Second, focusing on sin as individual guilt cements a notion of God as a judge who relates to us as criminals rather than as a Father to a child.
The courtroom illustration is used often by preachers. God is the judge on the bench and we are on trial. But is this the type of judgment God has? When Jesus teaches his disciples to pray he does not teach them to pray “Our Judge, who art in heaven” but “Our Father…”
There are many different forms of judgment. There is a type of disinterested judgment that comes from an impartial judge, but then there is the judgment of a loving father. This isn’t to lessen the judgment of God, it actually heightens it. A loving father instructs and guides his children regarding their every word and action precisely because of his love and care for them.
The Exodus narrative is again a helpful guide. God first adopts the people of Israel and makes them his son (Exod. 4:22) and then inside this covenantal relationship that he has established he gives them the law at Sinai so that his Son can flourish.
When Sin is first seen as an enslaving power that the Father has liberated us from, our congregations will grasp a deeper and truer image of their relationship to God. He is our loving Father who has “rescued us from the dominion of darkness and brought us into the kingdom of the Son he loves” (Col. 1:13).
He has set us free by adoption into his Son. The family room is deepest because love is deepest.

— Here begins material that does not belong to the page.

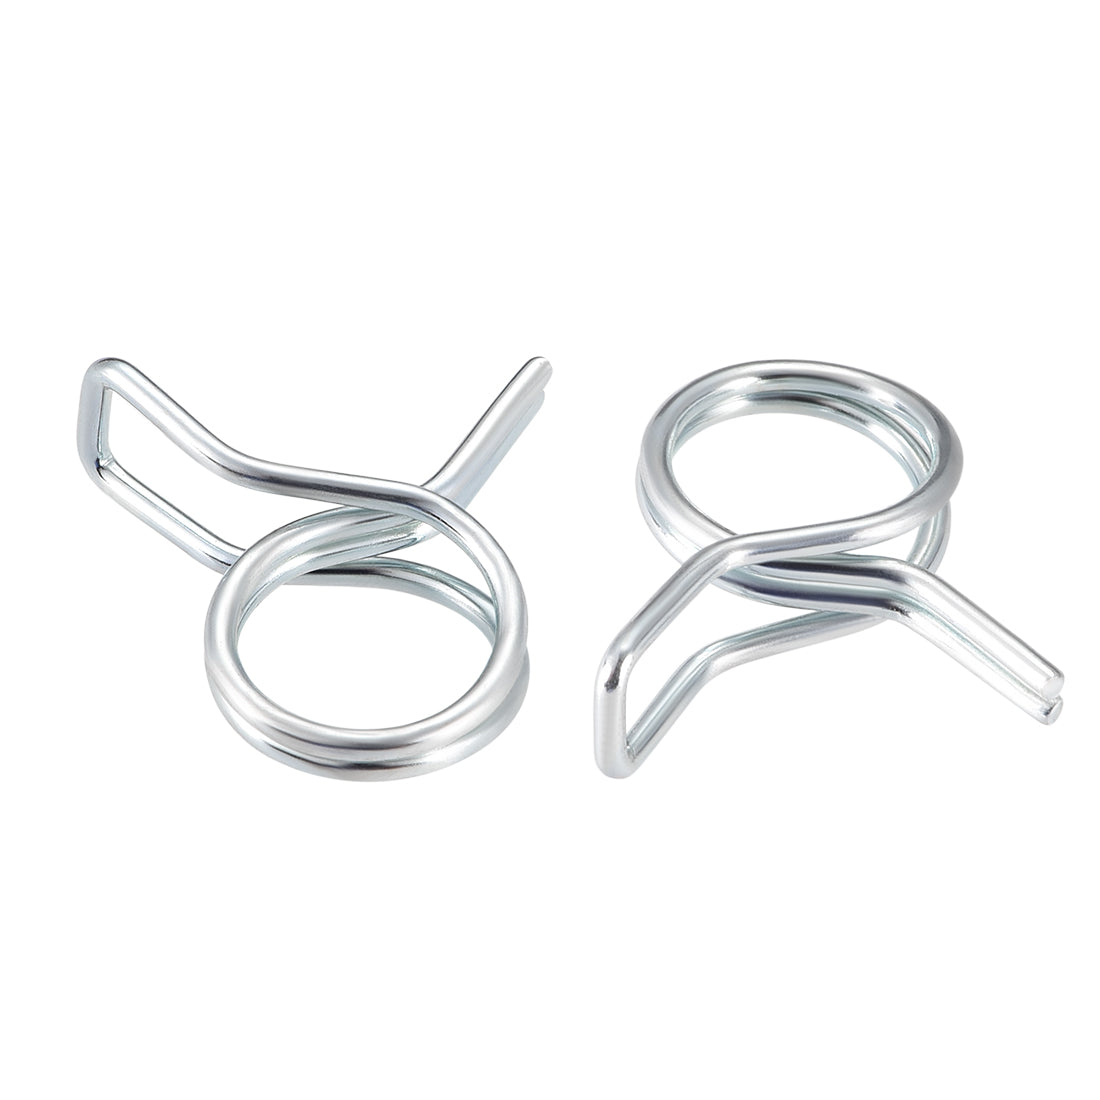 Uxcell Uxcell Double Wire Spring Hose Clamp 18mm Fuel Line Tube Spring Clips Zinc Plated 50Pcs

Third, understanding Sin as a power should keep us preachers from weaponizing guilt and shame to coerce people with our preaching. The gospel message is a liberating message that removes the burden of slavery so that we can freely respond to the love God has given to us in his Son.
The great evangelist and theologian John Wesley once gave this advice to preachers: “Do not drive anyone into holiness, only draw them.”
Preachers can have the best of intentions in trying to “drive” people towards Christ. There’s a kind of misplaced fear that is a love for our neighbors, but at the end of the day it is a failure to trust in the work of Christ to draw all human beings to himself (Jn. 12:32).
When we “drive” people towards Christ in our preaching, we will always end up submitting them again to “a new yoke of slavery” (Gal. 5:1). But the work of “drawing” humanity towards Christ is the work of the Holy Spirit in preaching. The Spirit is a liberator and “where the Spirit of the Lord is there is freedom” (Lk 4:18). The Spirit gives us the freedom to speak and to hear the promise of the gospel.
Regarding the liberating power of the Spirit Paul writes, “You know that when you were pagans, you were enticed and led astray to mute idols. Therefore I want you to understand that…no one can say ‘Jesus is Lord’ except by the Holy Spirit” (1 Cor. 12:2–3).
You can spot an idol by its inability to speak. And Scripture is clear that we become like the idols that enslave us (Ps. 115:8). Sin enslaves us by muzzling us, making us mute. By contrast, the true God is talkative. Psalm 50:3 says, “Our God comes and does not keep silent.” When the true God comes he comes in the power of his Word, which is Jesus Christ. This is what preachers are tasked with: to proclaim liberty to slaves through the Word of God in the power of the Holy Spirit.
When the liberating Spirit comes to those long held in slavery to Sin he removes the muzzle that the mute idols have put on us. We are given a voice; a voice that has been freed by the Spirit to say, “Jesus is Lord.”
On the day of Pentecost the disciples were all filled with the Holy Spirit and they began to speak in other tongues as the Spirit gave them utterance. We Pentecostals know this well. For what is speaking in tongues except the Spirit freeing our tongues so that we can proclaim the glories of God in Jesus Christ?
This is the liberating Word God has called us preachers to preach.